* Prompt
This exercise calls for the data below to be retyped exactly, minus any images.

* Collected material
--------------------
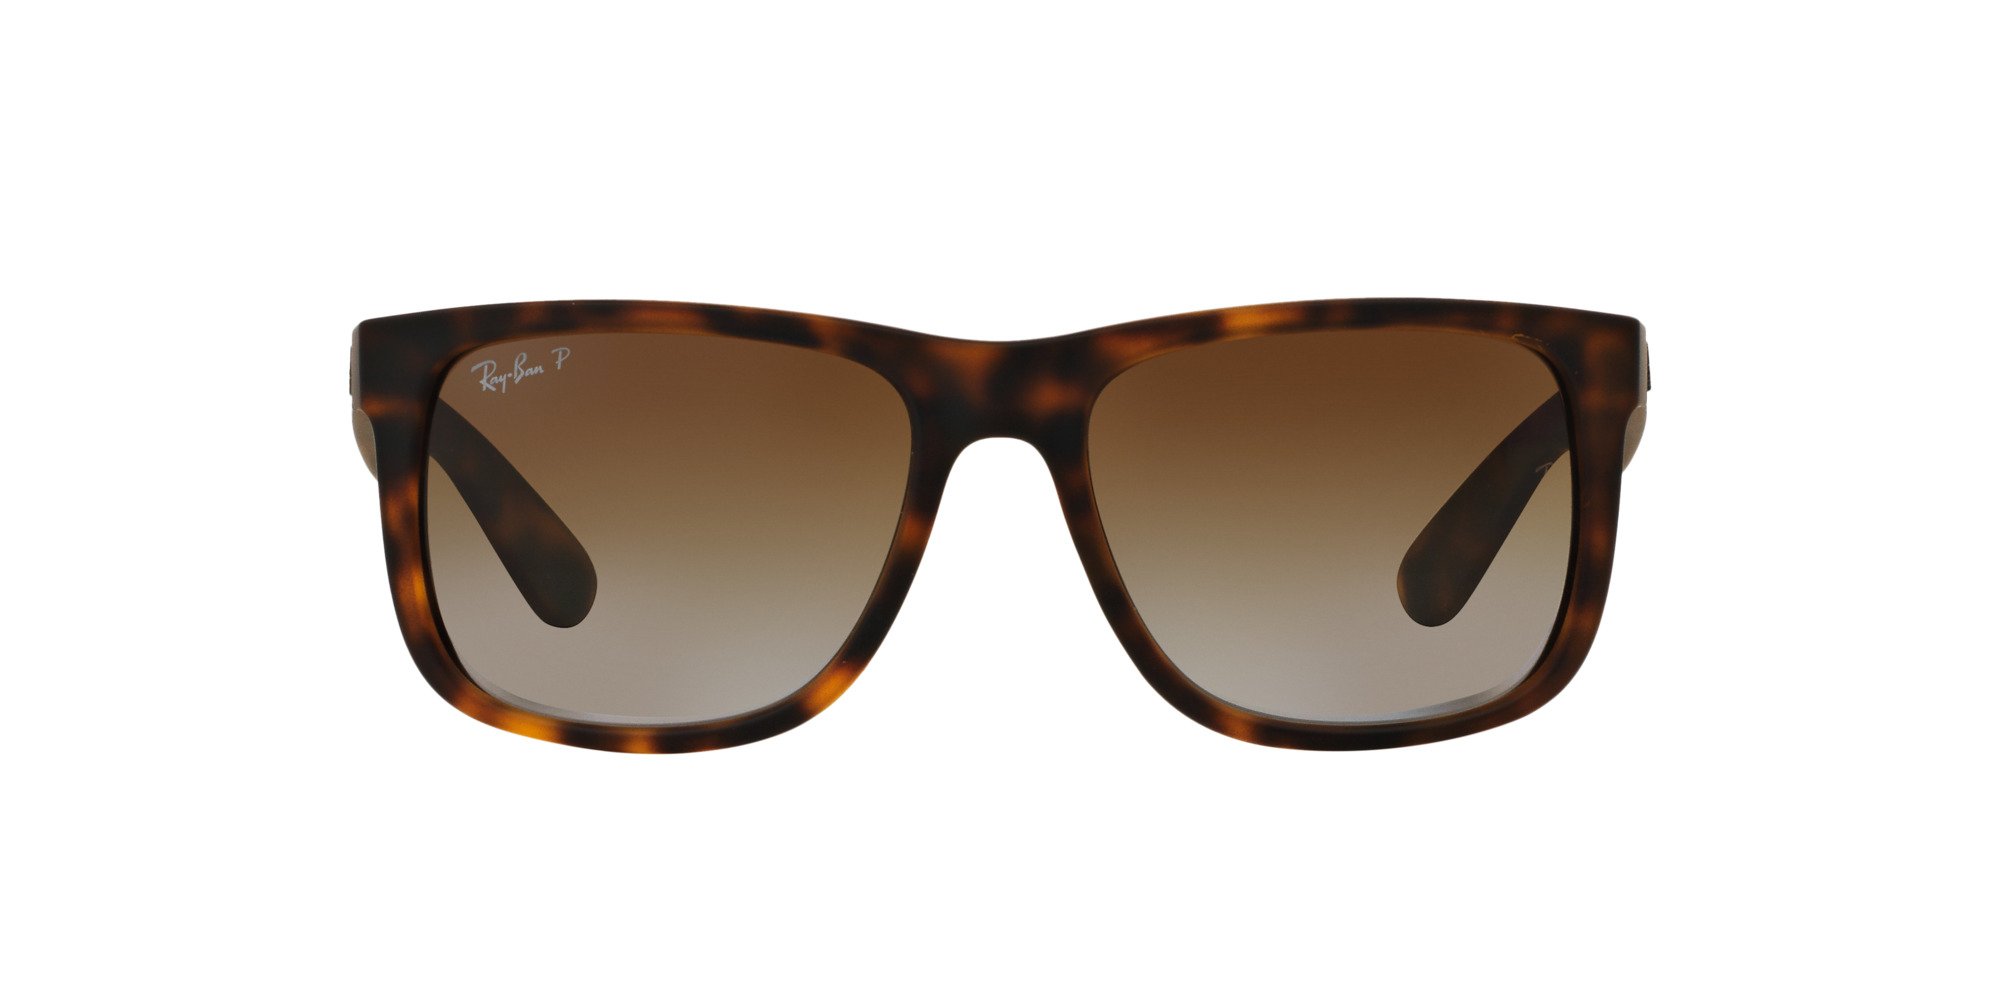 e95380d3e2 Ripley - Ray Ban Justin Havana Rubber lente Brown Gradient Polarized !
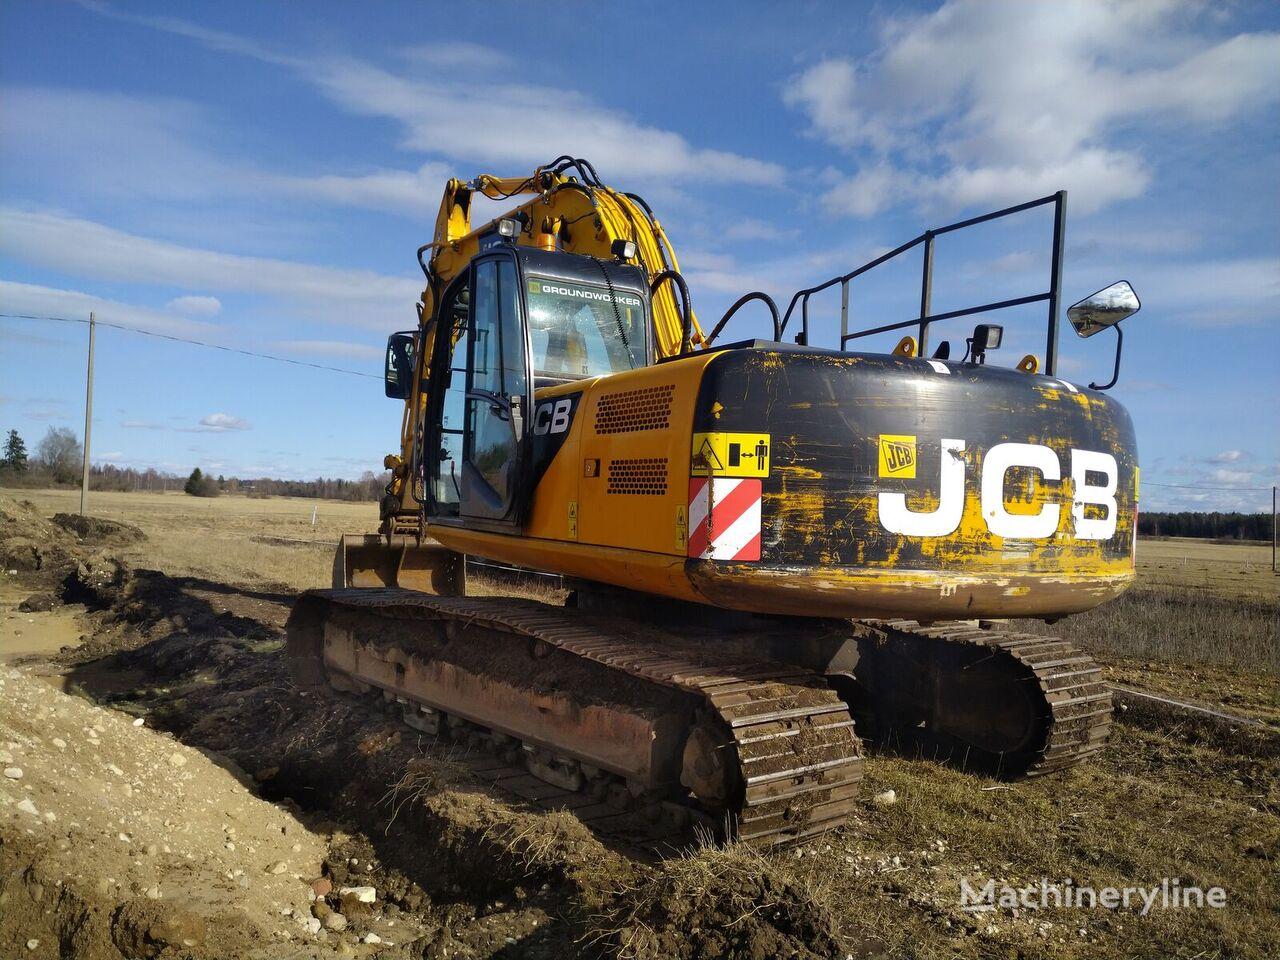 JCB JCB JS220 tracked excavator
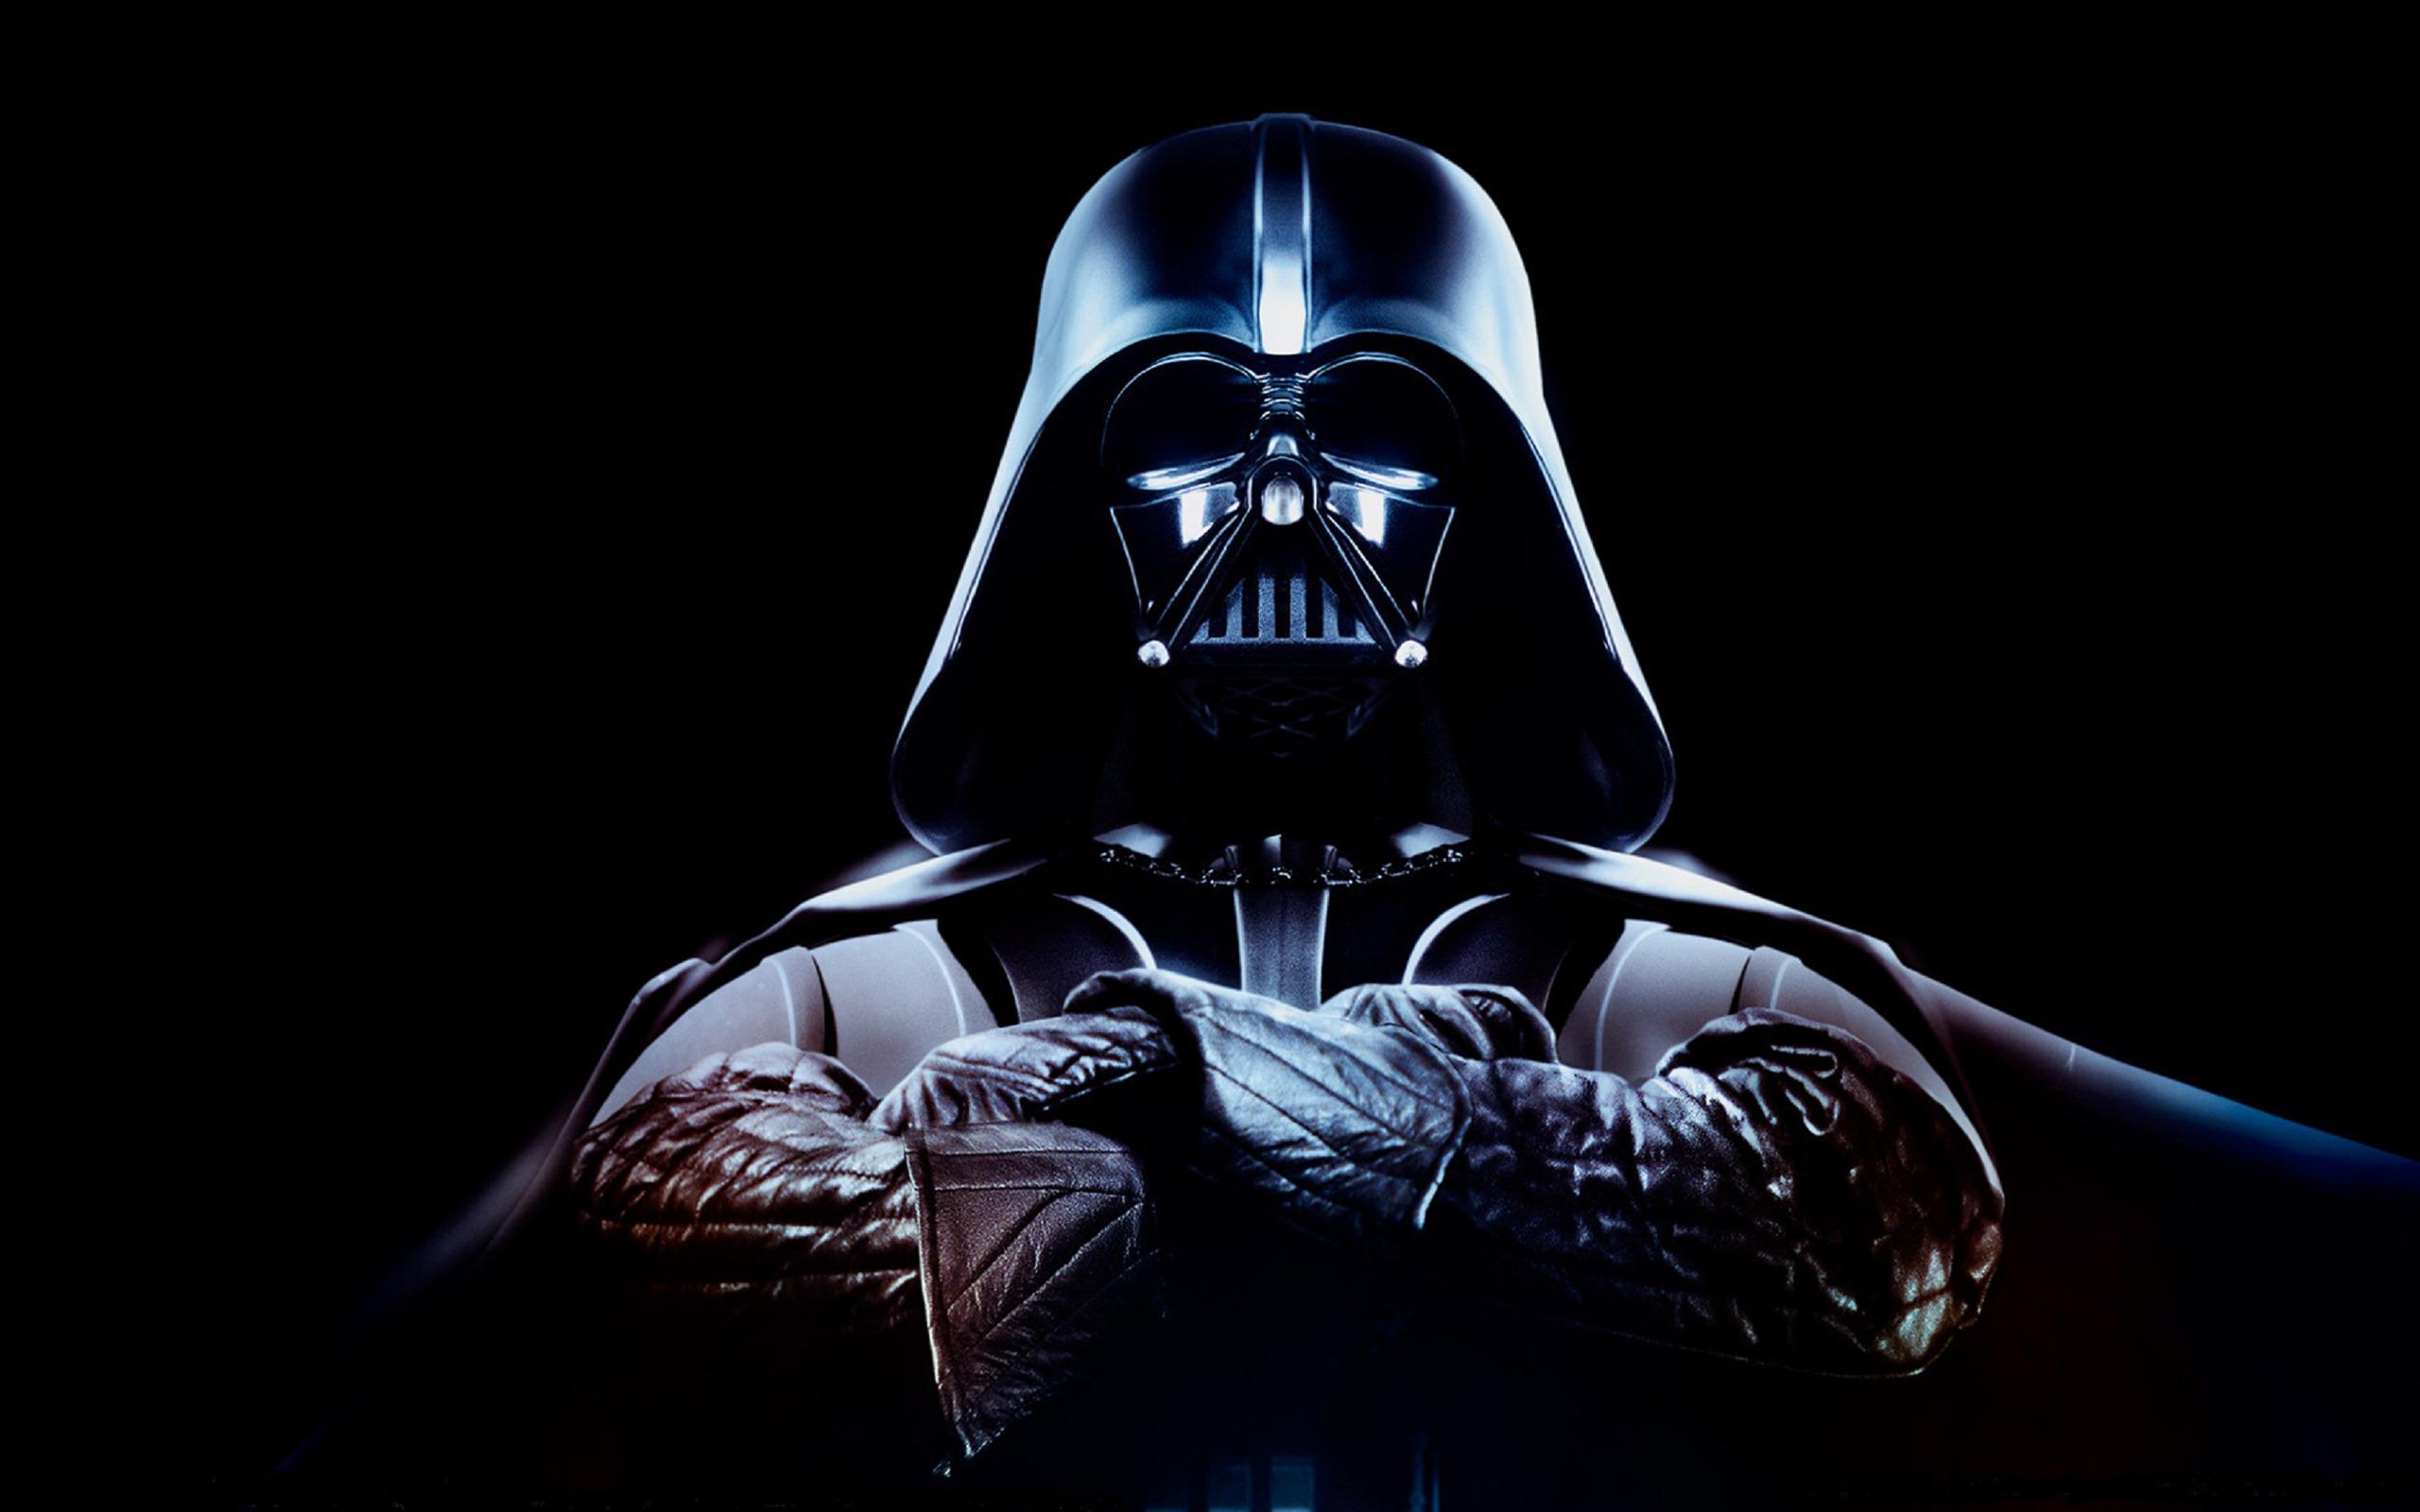 ... Darth Vader Wallpaper · Darth Vader Wallpaper
--------------------
* Answer for the task
 e95380d3e2 Ripley - Ray Ban Justin Havana Rubber lente Brown Gradient Polarized !
 JCB JCB JS220 tracked excavator
 ... Darth Vader Wallpaper · Darth Vader Wallpaper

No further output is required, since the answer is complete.